City/county Digest


Baltimore & Region

September 28, 2005


Man gets 21 months for false accusations in Luna death

A parking lot attendant was sentenced to 21 months in prison for sending the FBI e-mail falsely accusing his former wife and brother-in-law of involvement in the still-unsolved death of a federal prosecutor from Baltimore in 2003.

Nathaniel Wayne Thomas, 28, who lived in Baltimore at the time, apologized Monday for falsely accusing his wife, Jane Mwangi, and her brother, Kimini Mwangi, acknowledging that he was seeking to have them arrested and deported.

Officials said Thomas was angry because his wife had pressed charges after he beat her, a crime for which a Maryland court sentenced him to 18 months in prison.

Flynn Owens, Thomas' lawyer, told U.S. District Judge Paul Diamond that his client acted on impulse and realized what he did was a "foolish and regrettable act."

Authorities have filed no charges in the death of Assistant U.S. Attorney Jonathan Luna, who disappeared Dec. 4, 2003, and was found dead the next day in shallow water near the Pennsylvania Turnpike in Lancaster County.

Associated Press

Baltimore: Panel discussion

U.S.-Islamic relations topic of program

A panel discussion on U.S.-Islamic world relations is set for tonight at 7:30 p.m. at the Johns Hopkins University's Arellano Theater, in the Levering Union building, 3400 N. Charles St. The discussion, "Hope Not Hate: The Future of U.S.-Islamic World Relations, at Home and Abroad," is part of an initiative to look for ways to improve Western-Muslim relations. Panelists include Tim Edgar, legislative counsel for national security and immigration for the American Civil Liberties Union; Hafid Quosar, an intelligence analyst; and Radwan Masmoudi, president of the Center for the Study of Islam and Democracy. The moderator will be Waleed Hazbun, a professor in the university's political science department.

Patterson Park

Addiction recovery party set for Friday

In observance of National Alcohol and Drug Addiction Recovery Month, the Maryland Justice Coalition will host a "Re-Birthday Party" on Friday at Patterson Park.

The party, which organizers intend to make an annual event, will be held at Pavilion Two from 11 a.m. to 1 p.m.

The event, which is free to the public, will celebrate the lives of people recovering from drug and alcohol addiction. The event marks the end of the 16th National Alcohol and Drug Addiction Recovery Month, sponsored by the U.S. Department of Health and Human Services.

The Maryland Justice Coalition is a statewide coalition of groups working to reform the state's justice system.

Sumathi Reddy

Inner Harbor

Former U.S. surgeon general to speak

Former U.S. Surgeon General Joycelyn Elders will be the featured speaker at Friday's 14th annual Baltimore Community Relations Commission civil rights breakfast. Appointed by President Bill Clinton in 1993, Elders was the first African-American to hold the position. She was known for her support for universal health care as well as for controversial remarks about sex education that forced her to resign after a year at the post. The civil rights breakfast will take place at 8 a.m. at the Wyndham Inner Harbor at 101 W. Fayette St. Tickets cost $25 and must be purchased in advance. For more information, call 410-396-3141.

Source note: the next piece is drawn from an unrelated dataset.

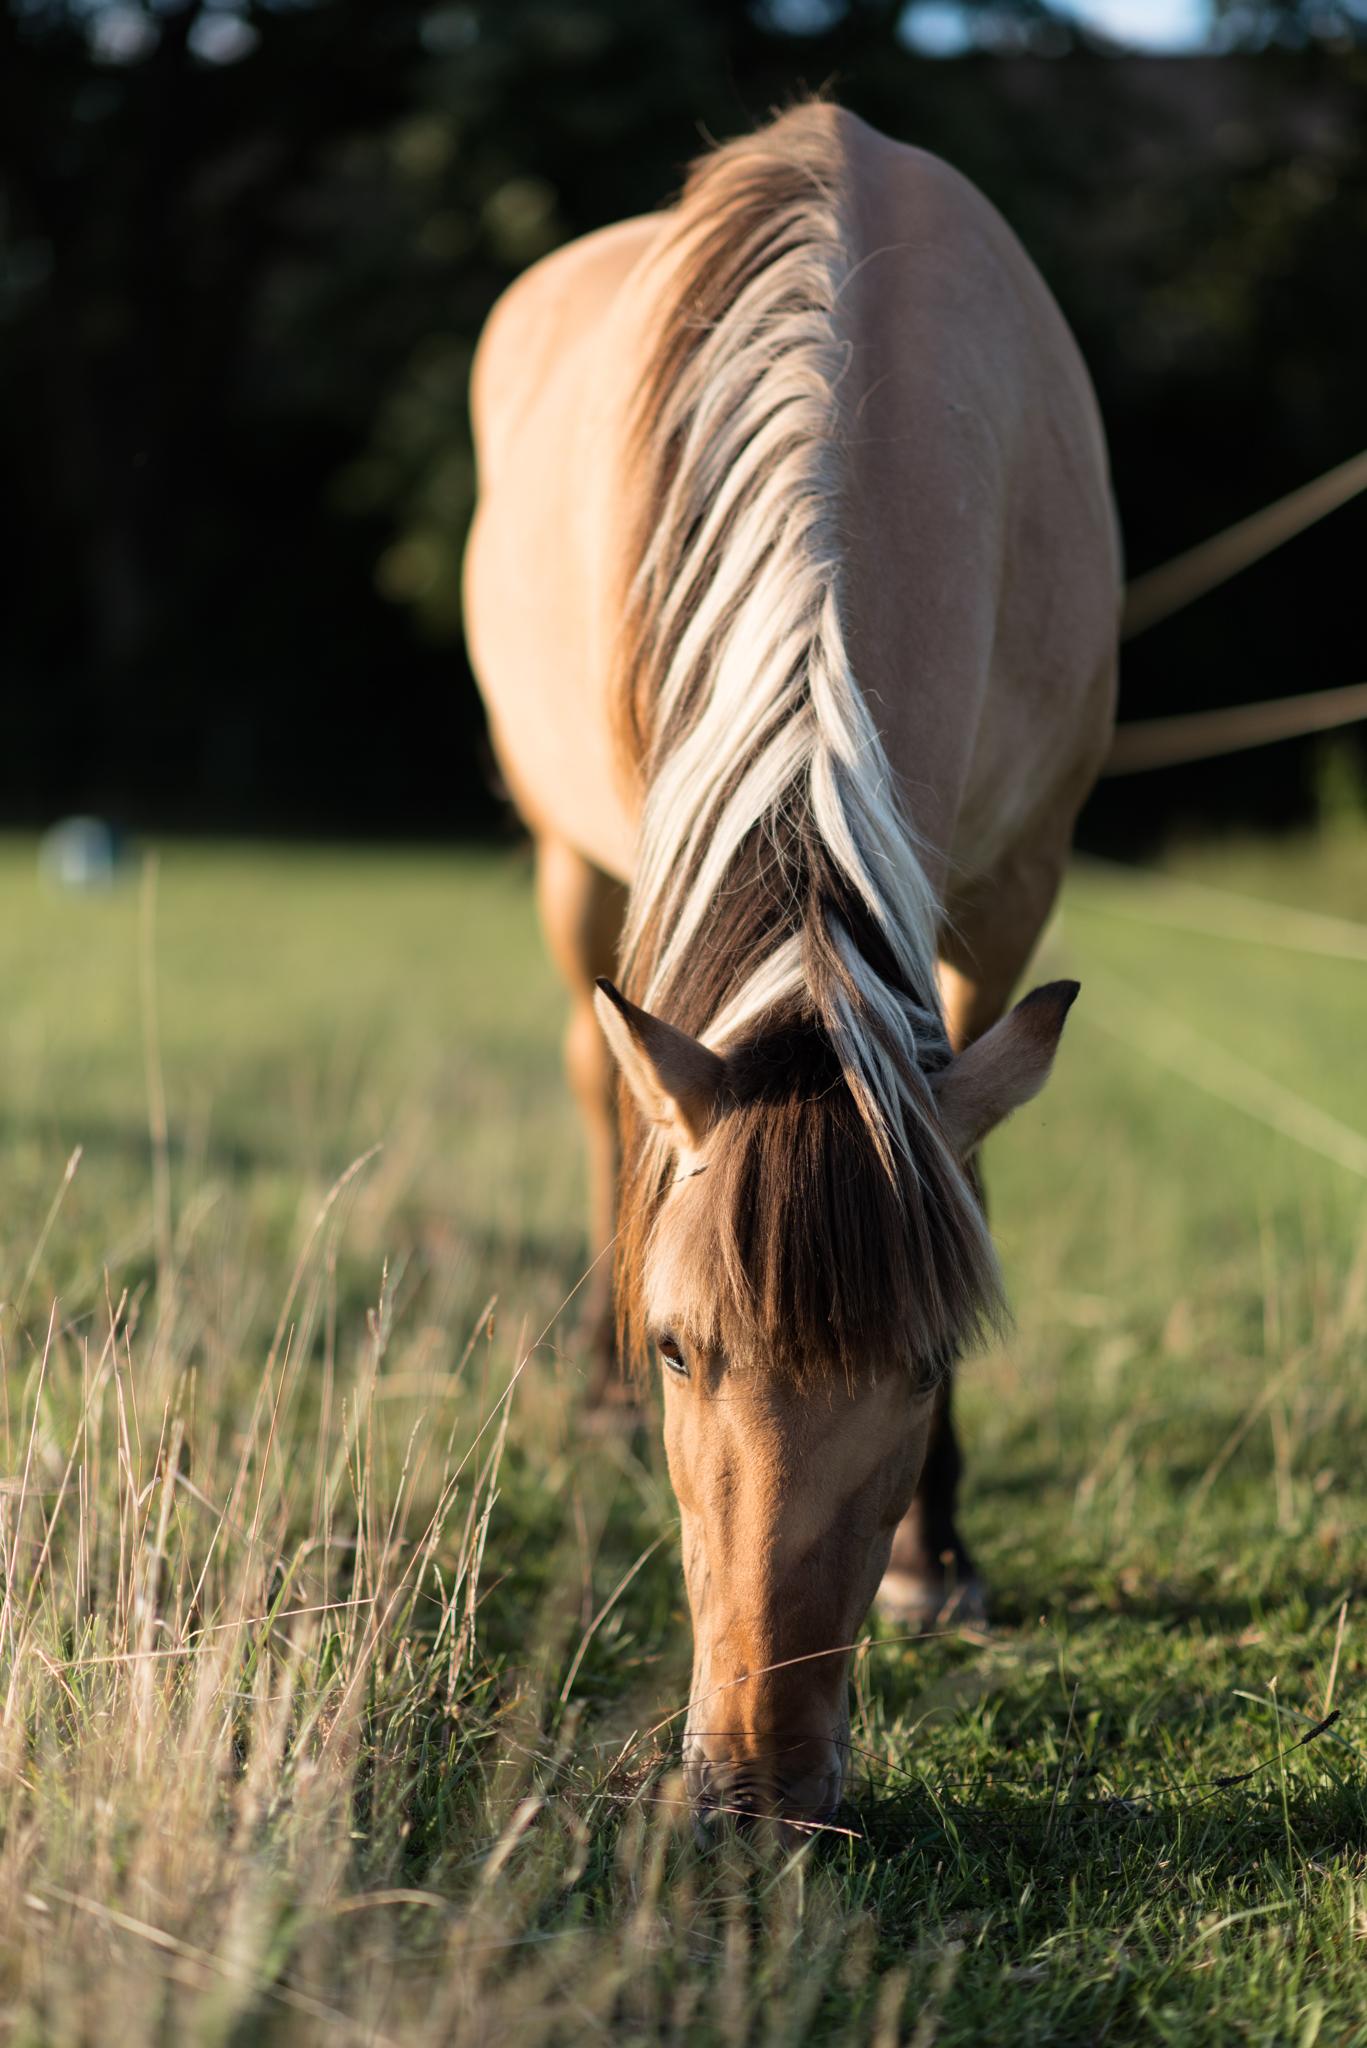 015_Horse_2016-08.jpg

PRINCE GEORGE'S: college park

Illness cuts short Sheehan appearance

Antiwar protester Cindy Sheehan cut short her appearance at the University of Maryland last night, apparently worn from her protests over the past several days. Sheehan, who addressed a large antiwar rally Saturday on the National Mall and was arrested Monday demonstrating in front of the White House, spoke for about 10 minutes on a panel at a rally at Memorial Chapel at the University of Maryland. After her remarks, there was supposed to be a "democracy collaborative dialogue" among the panelists and those attending the event. But Sheehan grabbed her bag and a bottle of water and left. Soon after, it was announced that she was ill and would not be returning.